Possible issue?

Hi, we have a indexing heaving cluster that for the last few weeks since upgrading to 1.3.0 has been experiencing timeouts a few times a week. During the period where indexing stops I see this in the logs:

org.elasticsearch.transport.RemoteTransportException: [master][1.1.1.1:9300][cluster:admin/ism/update/managedindexmetadata], Caused by: org.elasticsearch.cluster.metadata.ProcessClusterEventTimeoutException: failed to process cluster event (opendistro-ism) within 30s, at org.elasticsearch.cluster.service.MasterService$Batcher.lambda$onTimeout$0(MasterService.java:134) ~[elasticsearch-7.3.2.jar:7.3.2], at java.util.ArrayList.forEach(ArrayList.java:1540) ~[?:?], at org.elasticsearch.cluster.service.MasterService$Batcher.lambda$onTimeout$1(MasterService.java:133) ~[elasticsearch-7.3.2.jar:7.3.2], at org.elasticsearch.common.util.concurrent.ThreadContext$ContextPreservingRunnable.run(ThreadContext.java:688) ~[elasticsearch-7.3.2.jar:7.3.2], at java.util.concurrent.ThreadPoolExecutor.runWorker(ThreadPoolExecutor.java:1128) ~[?:?], at java.util.concurrent.ThreadPoolExecutor$Worker.run(ThreadPoolExecutor.java:628) ~[?:?], at java.lang.Thread.run(Thread.java:835) ~[?:?]

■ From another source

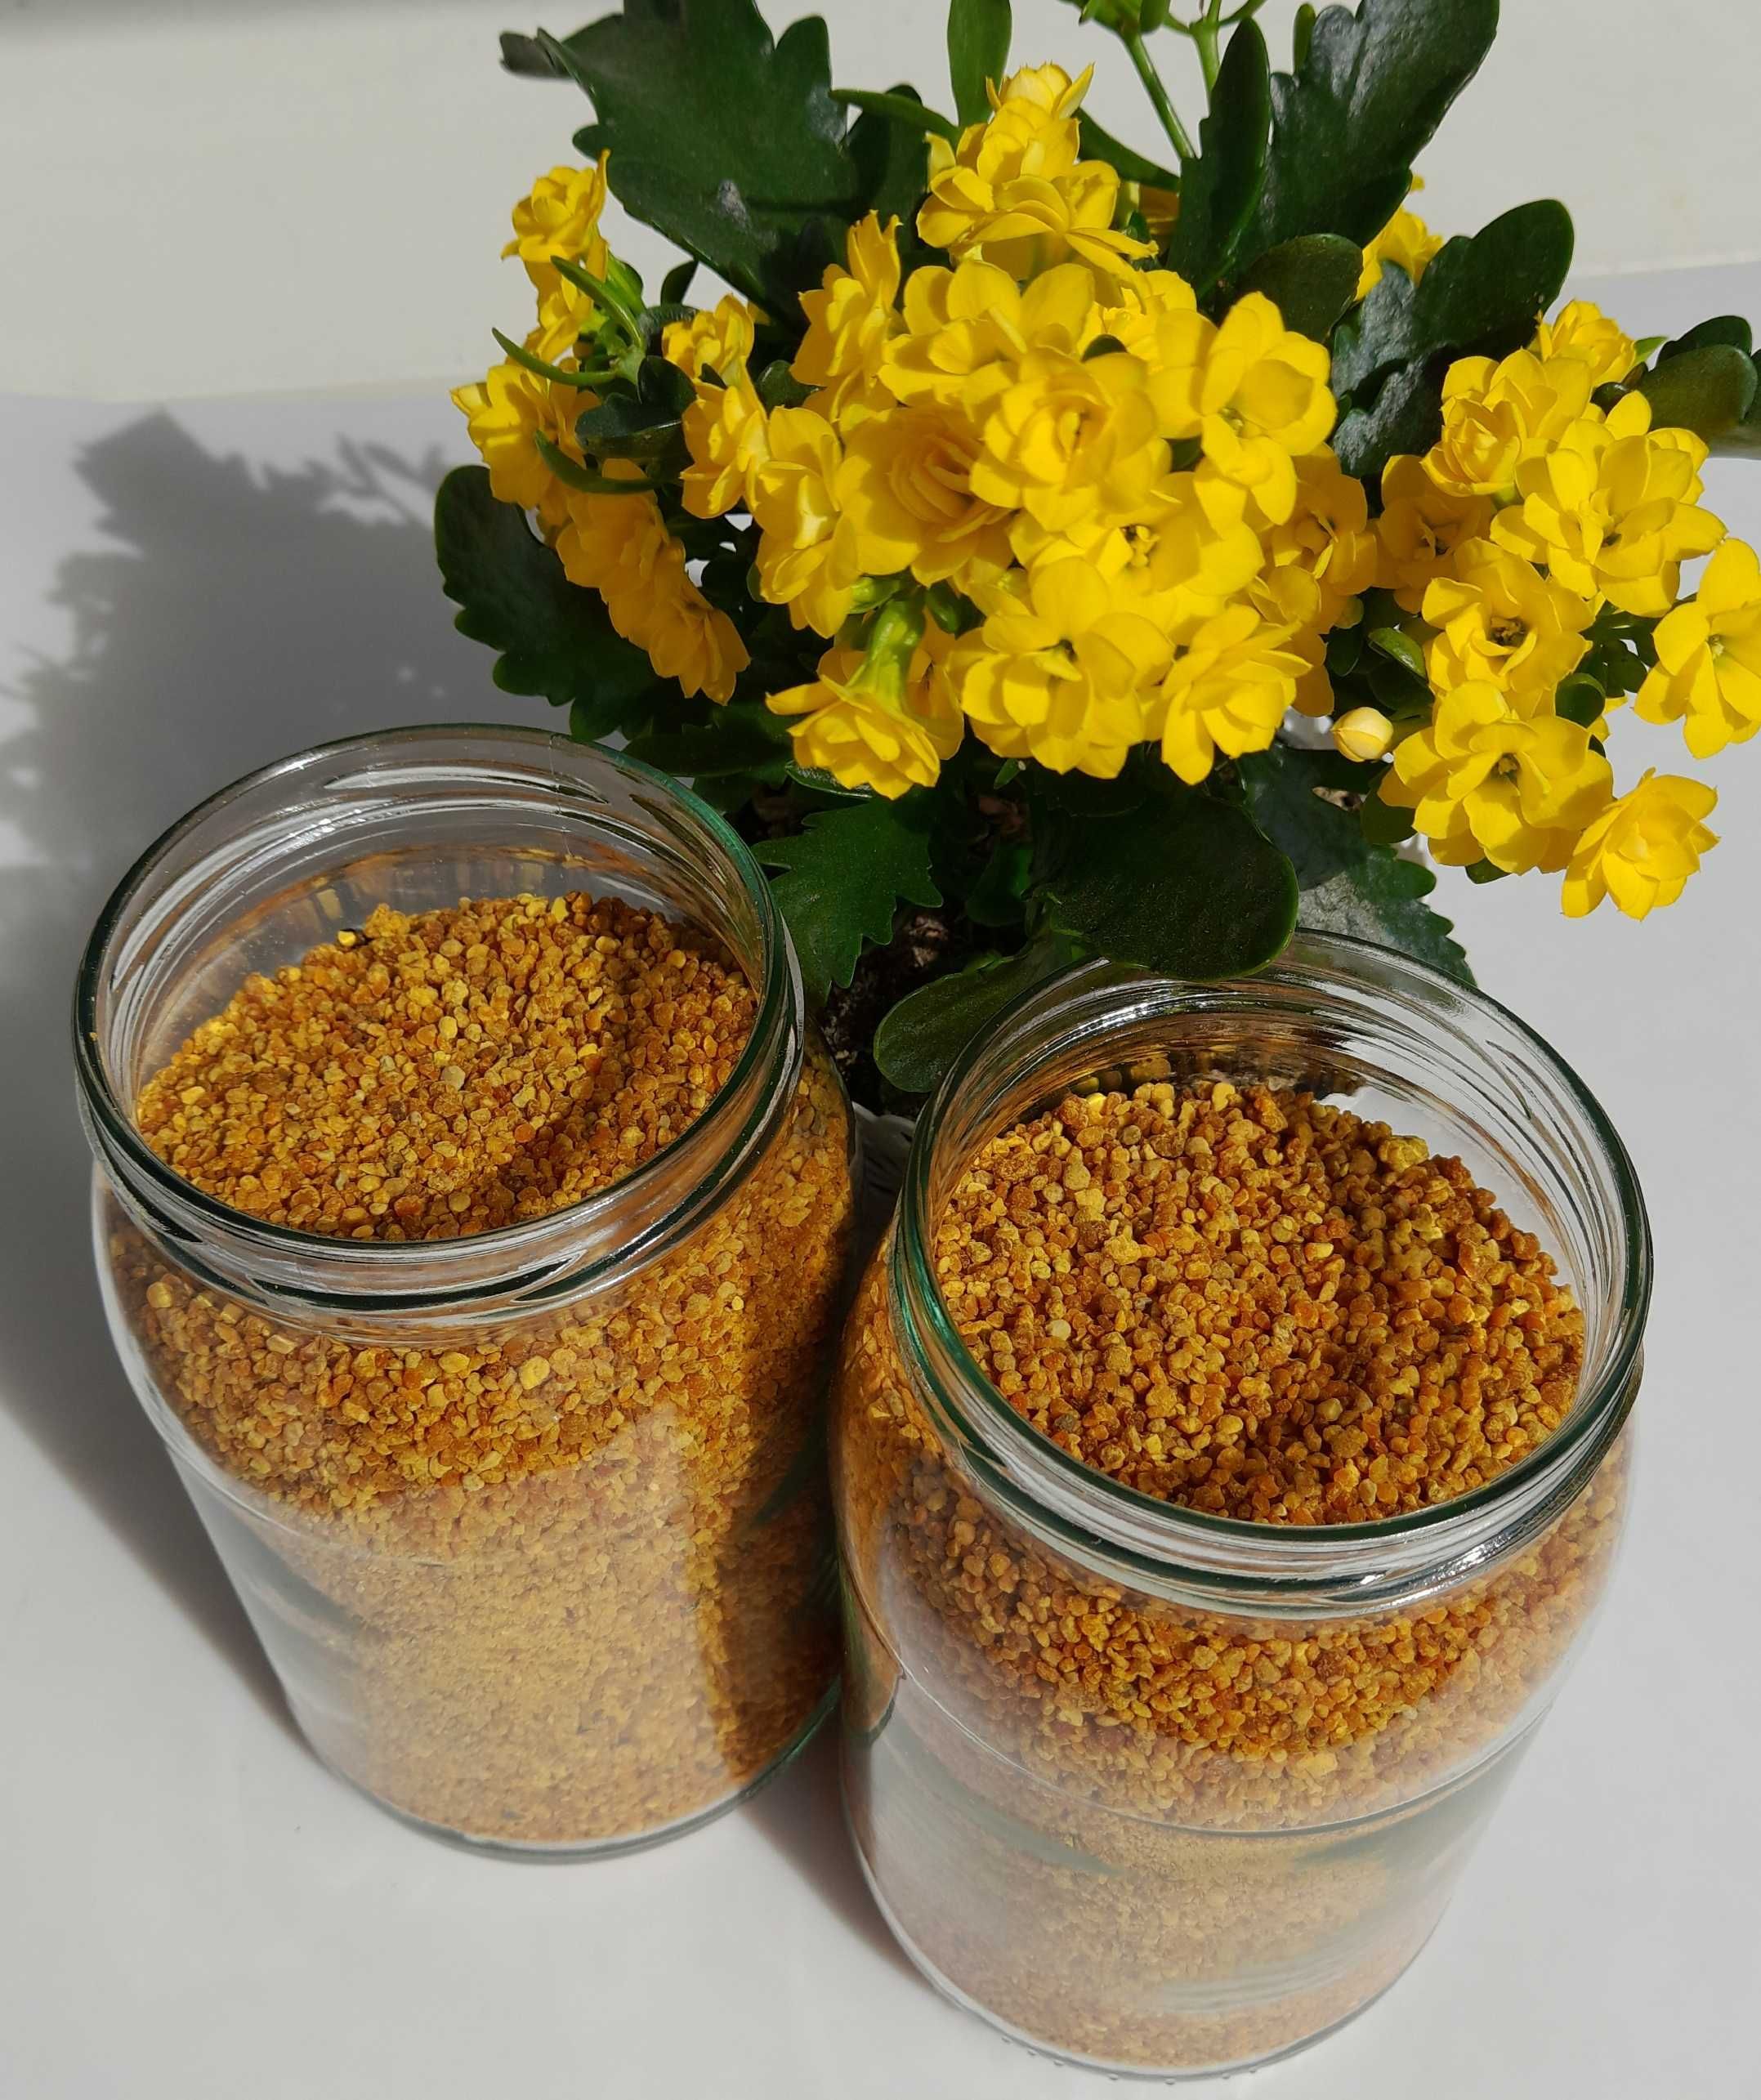 Pyłek pszczeli kwiatowy 0,5 kg promocyjna cena dobrze wymrożony wysusz

Not sure if this is anything important but the state of the managed ism indices was “running”.
For a test I removed all policies and managed indices from ISM to see if there is any improvement.
Has anyone else seen issues like this?

Hi @jasonrojas,

How many managed indices do you have in ISM?
When you removed the policies/managed indices from ISM did you see the timeouts stop or were they still happening?

Thanks,
Drew

I think I had manually applied the policy to about 30 indices.

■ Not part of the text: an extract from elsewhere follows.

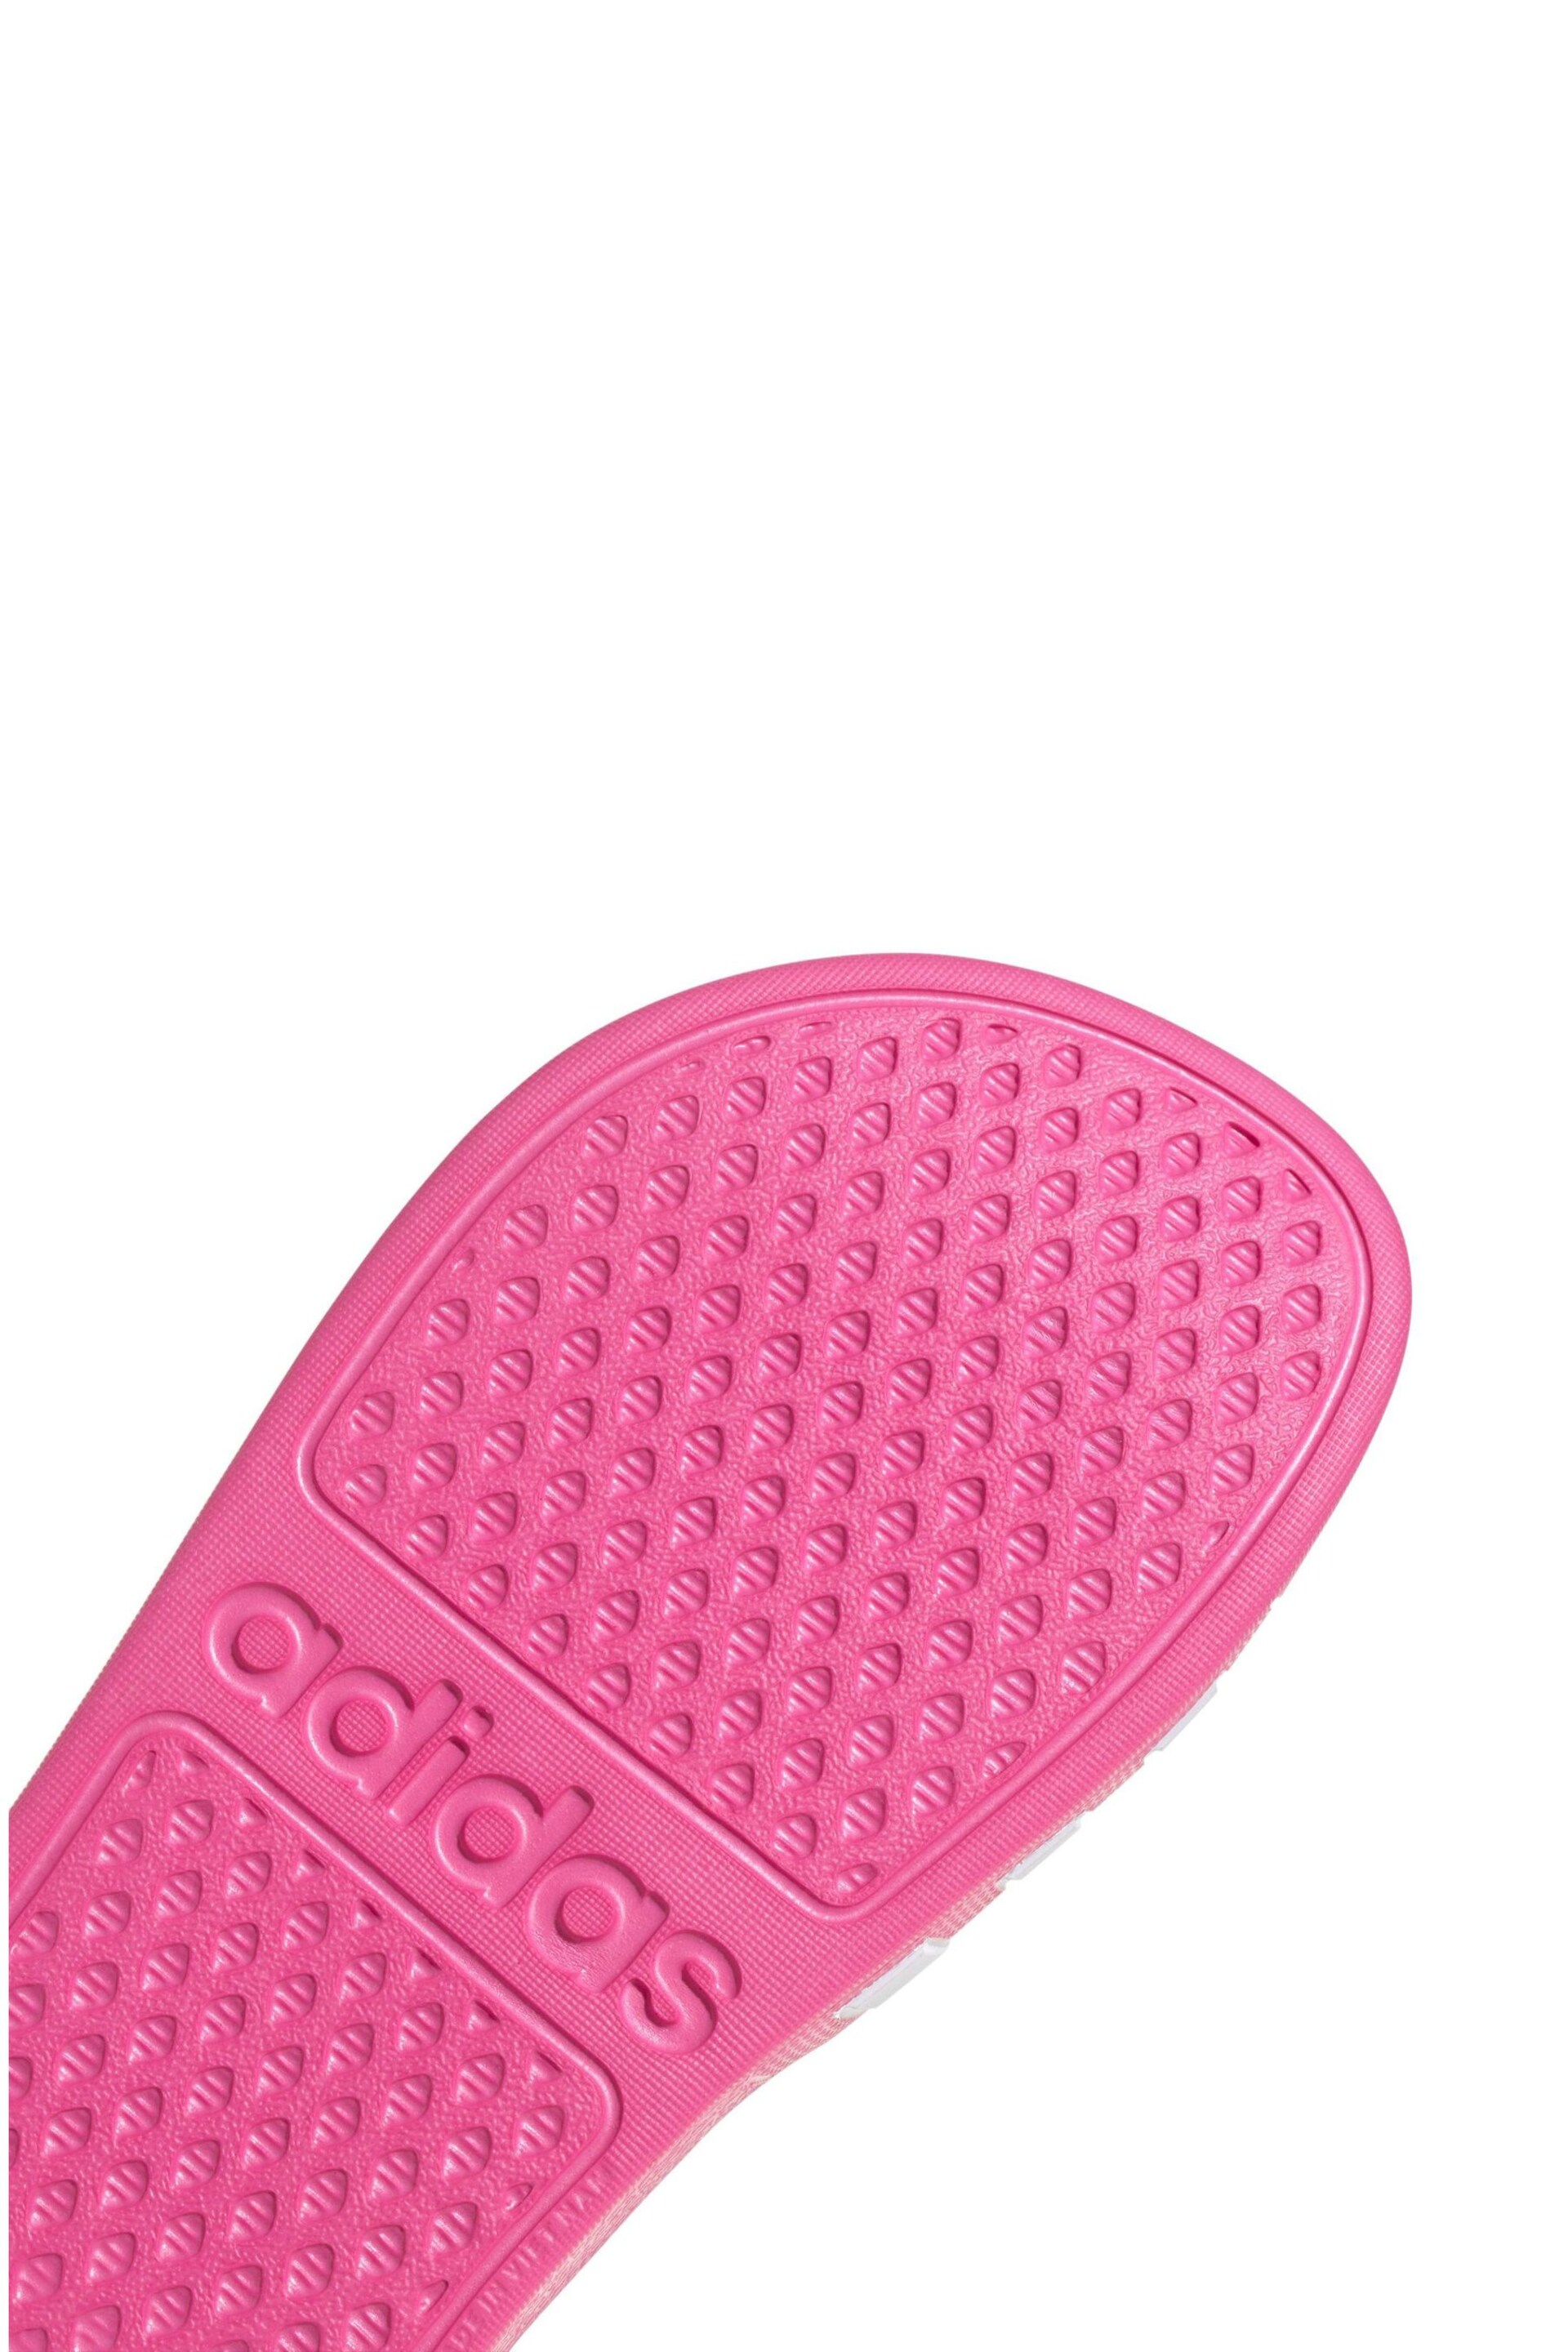 adidas Pink Adilette Aqua Kids Sandals - Image 6 of 6

The cluster had no issues last night so only time will tell if this was the issue.

@jasonrojas

30 indices wouldn’t be enough to cause master cluster state queue to be backed up purely from ISM.
If you could also answer these questions, might be able to help us pinpoint and replicate:

  • How much data do you have in the cluster
  • How many indices/shards do you have
  • What type of instances are you using
  • What is the ingestion throughput you average

Also is the timeout exceptions only occurring for ISM cluster events or other cluster events too?

Thanks,
Drew